Given data:
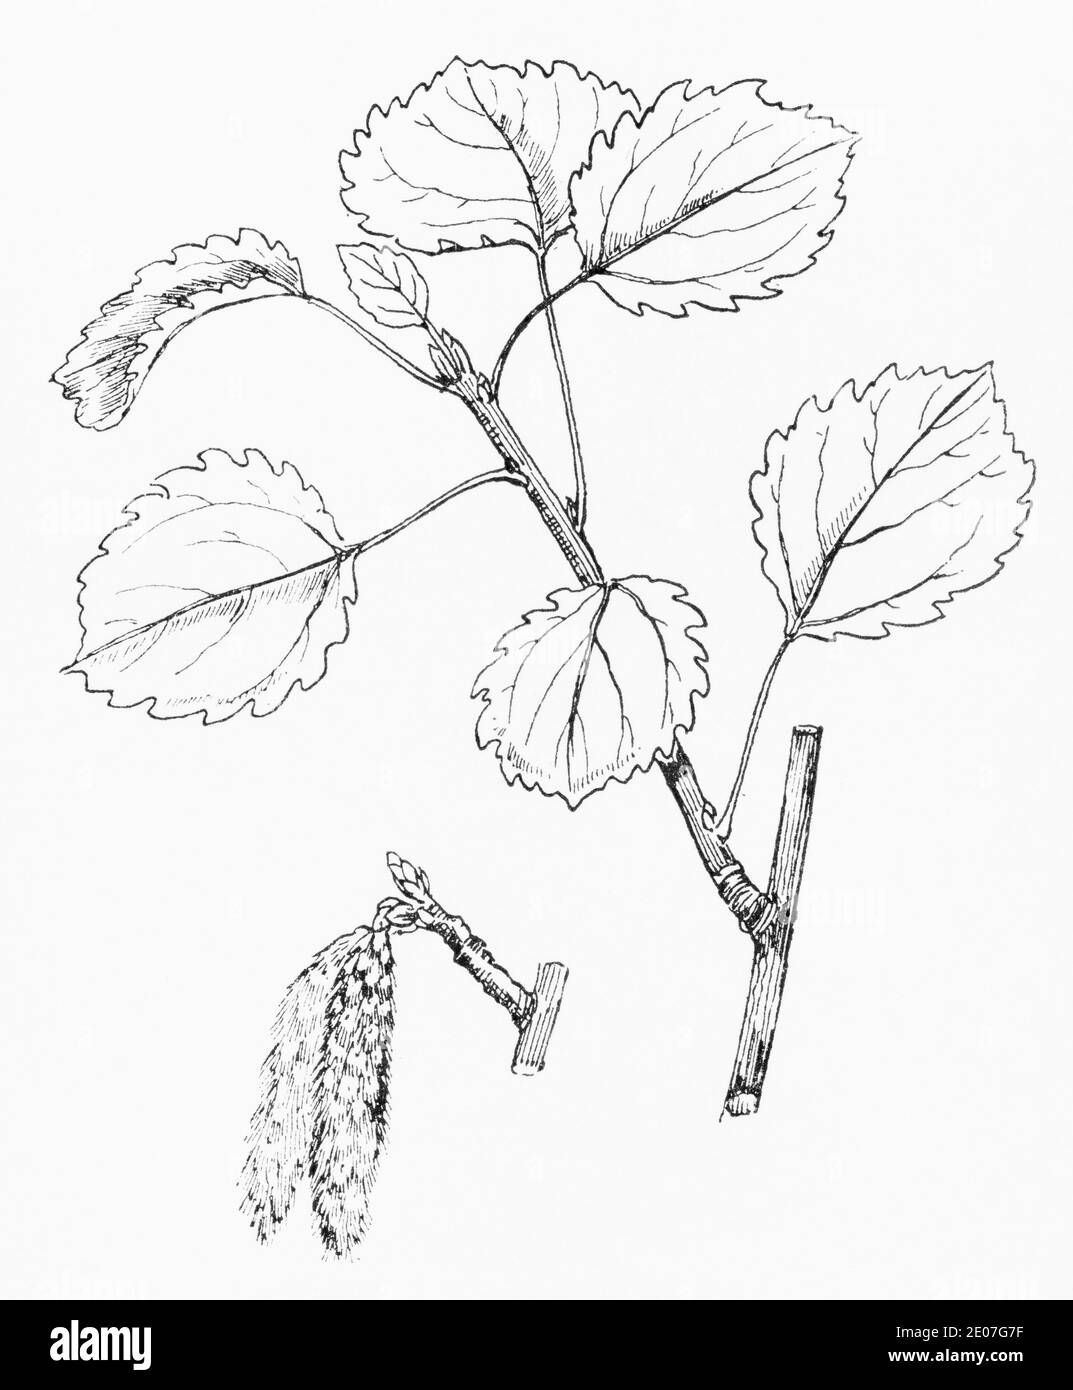 Old botanical illustration engraving of Aspen / Populus tremula. Traditional medicinal herbal plant. See Notes Stock Photo
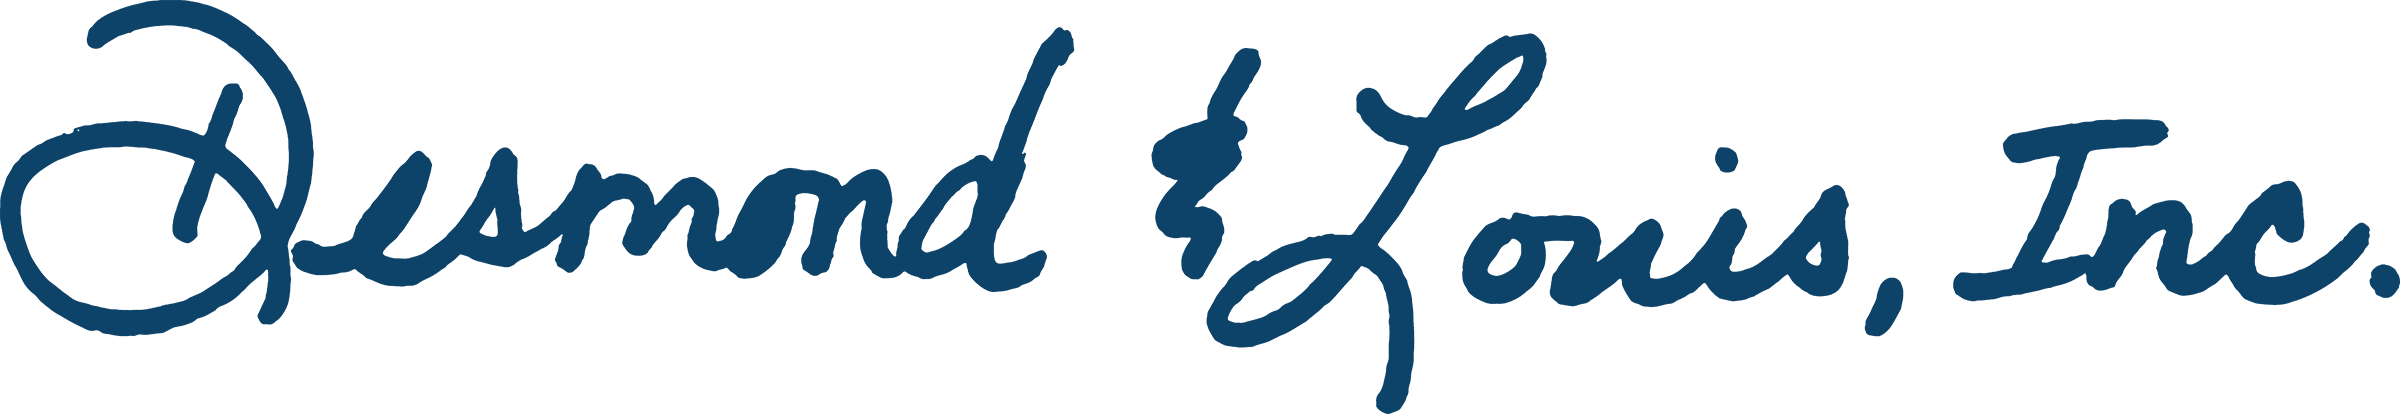 16_HPC_D&L_Logo_Blue.png
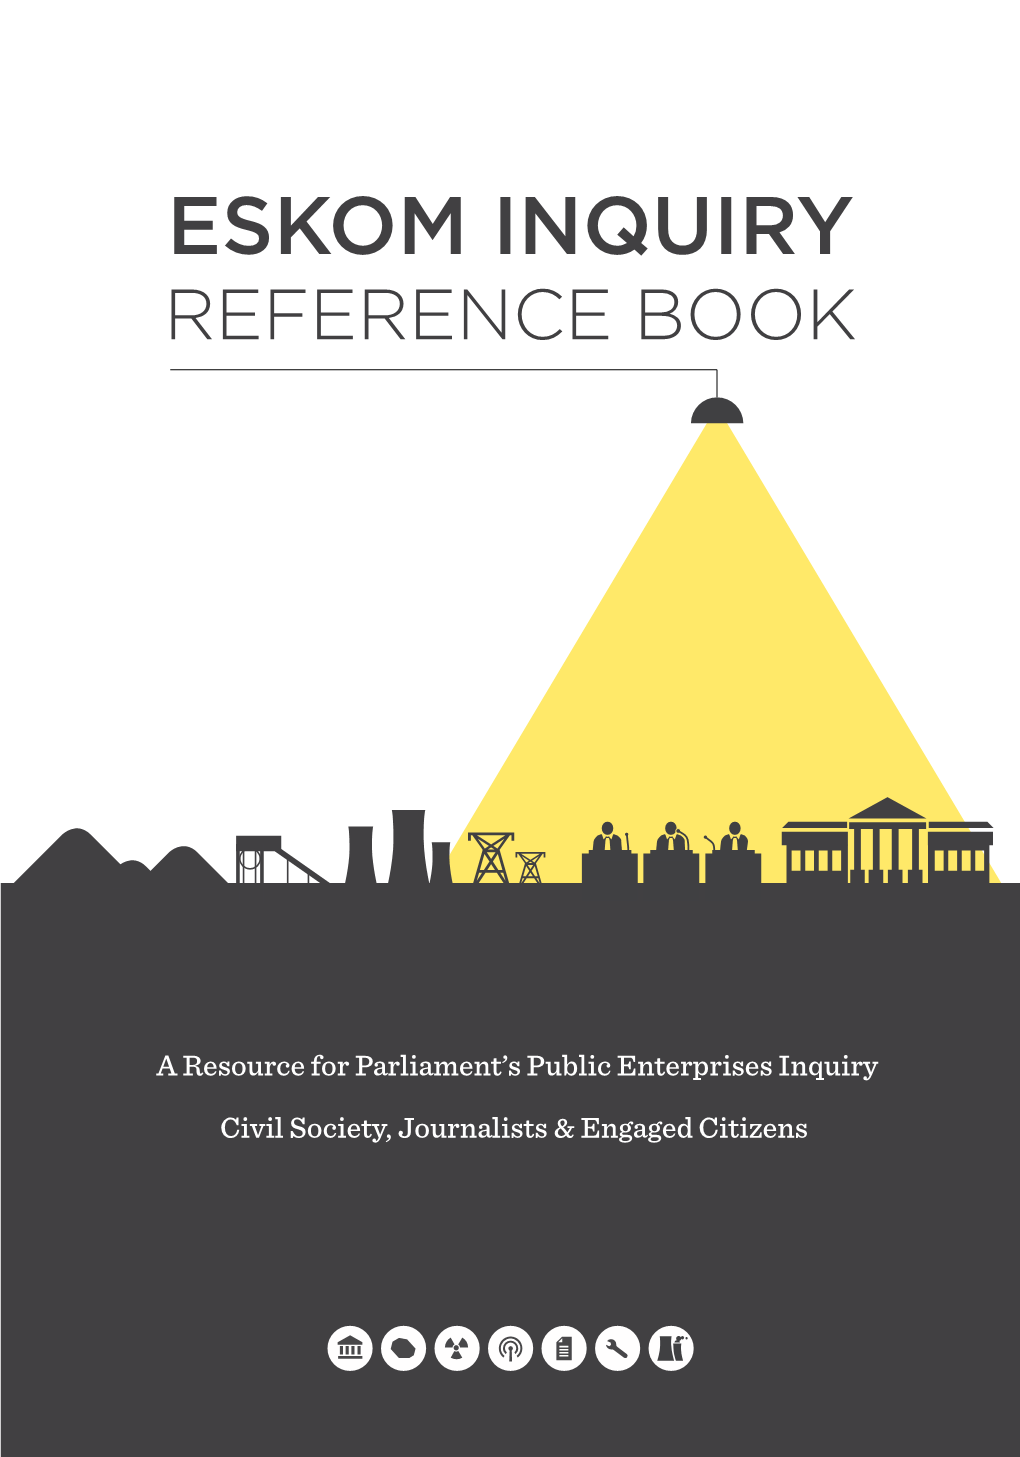 Eskom Inquiry Reference Book

Problem to solve:
Each line from the one holding "16_HPC_D&L_Logo_Blue.png" through the end of the listing is to be output exactly, both ends included, with no other lines and the pictures left out.

Response area:
 16_HPC_D&L_Logo_Blue.png
 Eskom Inquiry Reference Book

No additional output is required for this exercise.